At the time, though, they thought of this as a tactical tradeoff for alleviating the American pressure on their country and allowing the state to divert nuclear-related financial resources to projects that they expected might calm the domestic situation in the country, though the US was relentless and kept pushing the USSR until it finally fell apart. The US will always intensify its subversive efforts against its adversaries whenever it senses weakness since it thinks that it might be only one move away from destroying them, or as is more often the case, trapping them in such a controlled scenario where they basically "destroy themselves” instead.

Basirat: Please let me to ask a tough question. If you were in this position, would you be willing to negotiate with the United States?

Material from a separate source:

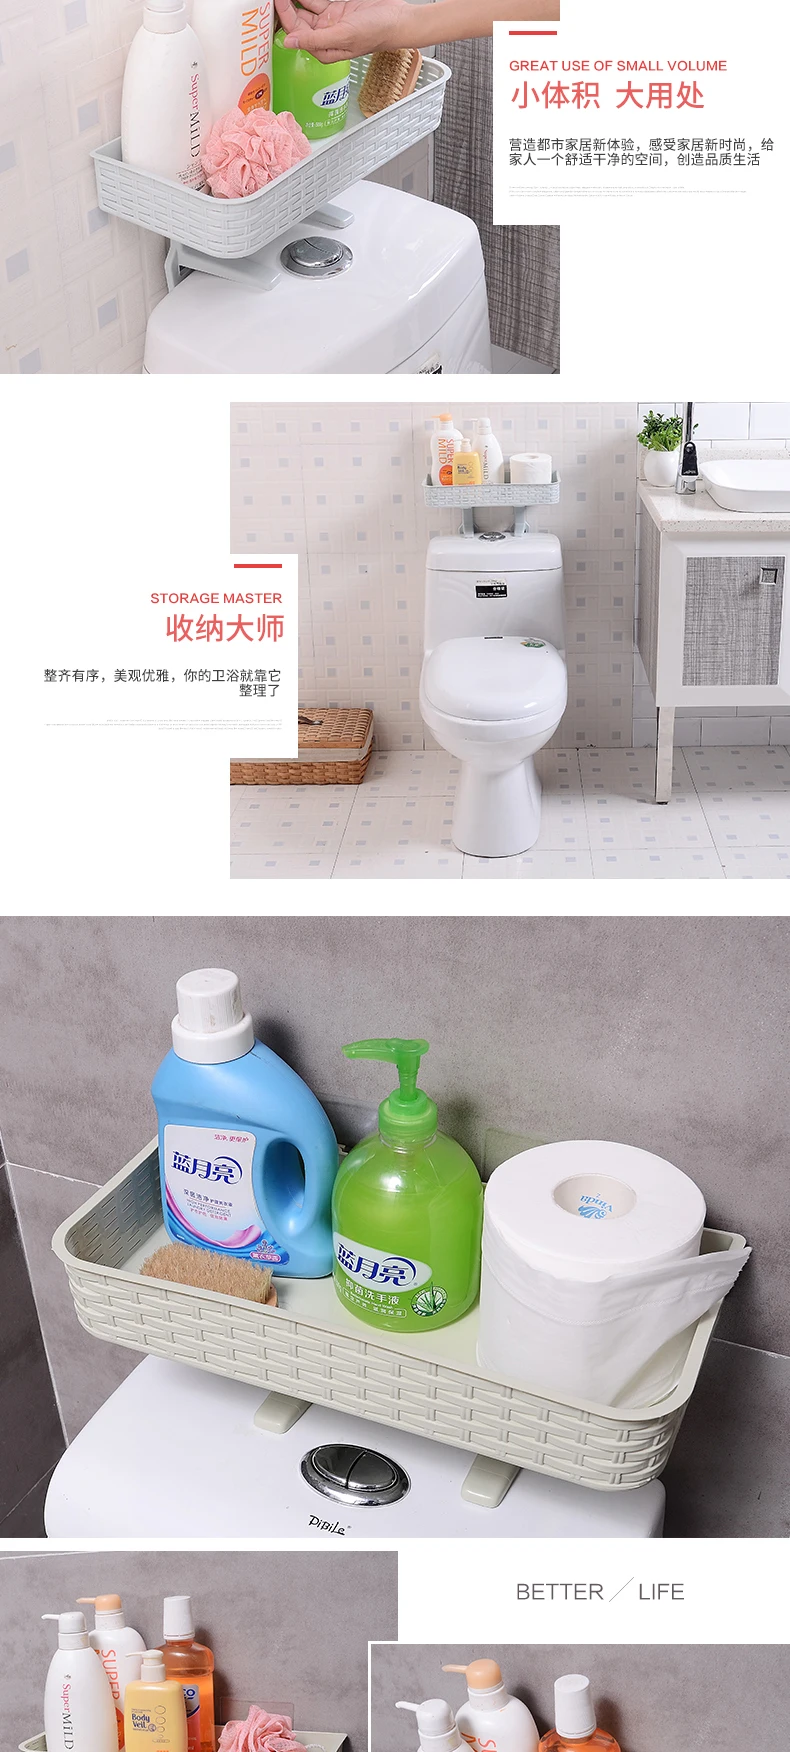 HS040 ванная комната имитация ротанга ногтей бесплатно бесшовные стеллаж для хранения, туалет стойка для крышек 36*16*23,5 см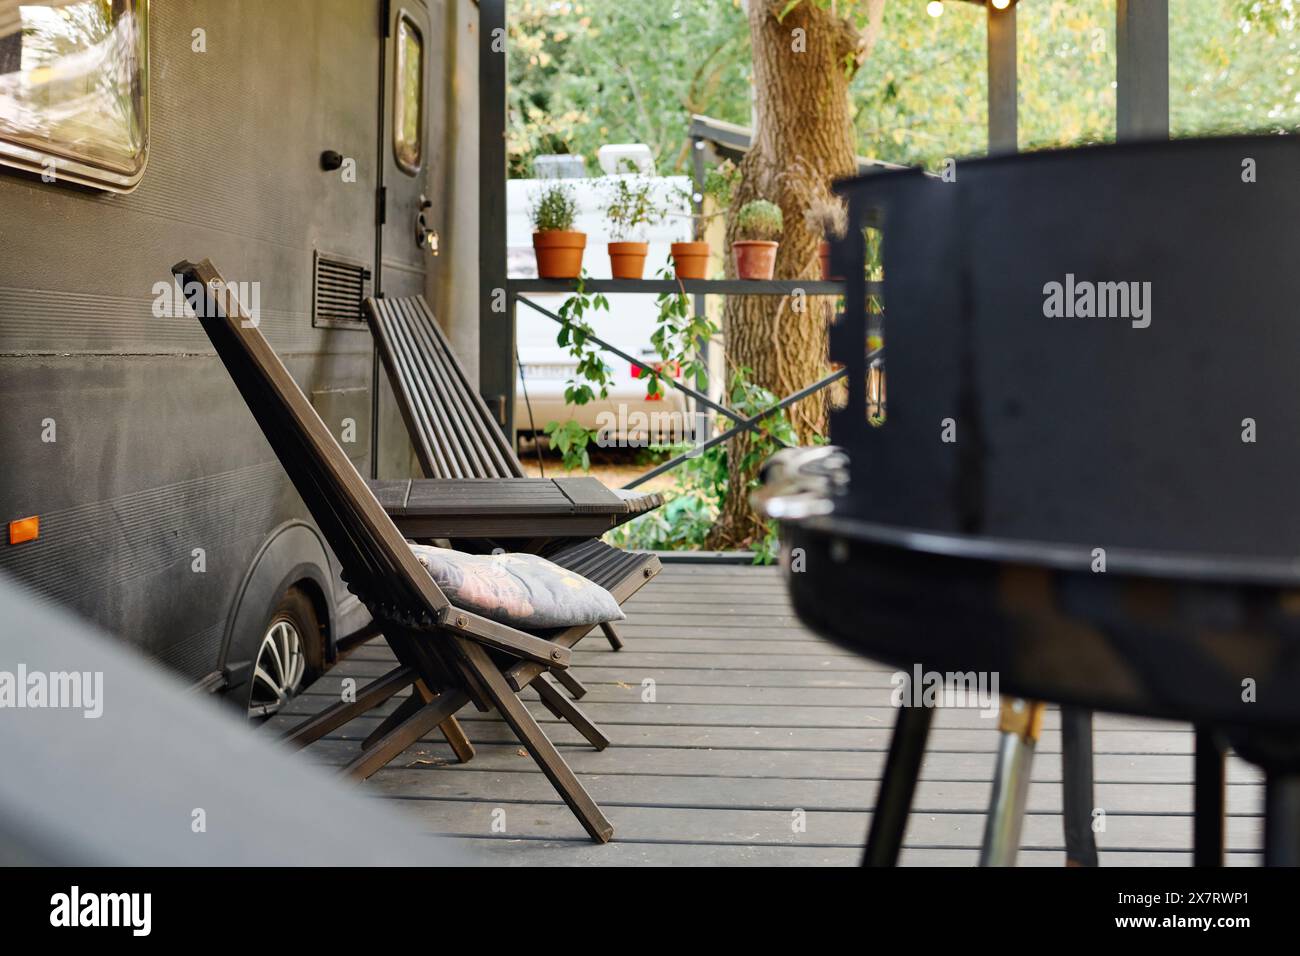 Terrasse mit einem Wohnmobil, Grill und Stühlen, ein romantischer Kurzurlaub in der Natur. Stockfoto

Korybko: It’s difficult to say because I’m not privy to all of the knowledge that they were informed of at the time, and as the saying goes, "hindsight is 20/20”. There are arguments that can be made from either position. On the one hand, negotiating with the US came off as weak and was motivated by a level of political naiveté that was previously unseen, though on the other, the successful implementation of the ABM and SALT I and II suggested that the INF and START agreements might also be to each party’s balanced interests instead of at the expense of one or the other.

Unfortunately, my impression is that Soviet decision makers, principally Gorbachev, were so enthralled with the "good guy” narrative that the US was spinning in framing them as "heroes of peace” if they agreed to these weapons cuts that they overlooked the fact that a lot of this was just psychological warfare to strategically disarm their suspicions and get them to enter into a never-ending pattern of retreating on all fronts. Having said that, it’s difficult to see what difference it would have made if the USSR didn’t agree to those deals because it was eventually dismantled from within for reasons unconnected to those agreements but nevertheless still influenced by the US.

Basirat: In a book published in 1999, Ms. Saunders talked about the role of the CIA and its influence in the various levels of people, elites, and statesmen in orchestrating the collapse of the Soviet Union. Please kindly talk about this strategy.

Korybko: I’m unfamiliar with her work, but in brief, there’s a long-standing suspicion that some people within the Soviet hierarchy knowingly sold out to the US, though I think that the truth is more nuanced in that they fell for the CIA’s influence operations and operated exactly like how Washington wanted them to under the carefully controlled circumstances that America engineered around them. That’s not to say that "everything” that "went wrong” was an "American plot”, but just that one of the most important objectives that any intelligence can aim for is to exercise "scenario superiority” where they masterfully manipulate their targets into situations that are mostly beyond the participants’ control and largely influenced by external parties, though with all of the variables interacting in such a way that the decisions that each subject takes are genuinely thought to be their own and to their self-interest.

The objective is to manufacture a self-sustaining cycle of destruction whereby the targets ruin themselves through decisions that they truly believe are of their own making and in support of their interests under the circumstances.

It’s that dynamic which more accurately reflects the role that the CIA played inside of the Soviet Union in indirectly orchestrating its collapse than any effect that its individual agents could have ever had in directly executing this plan.

Thank you so much for devoting your time.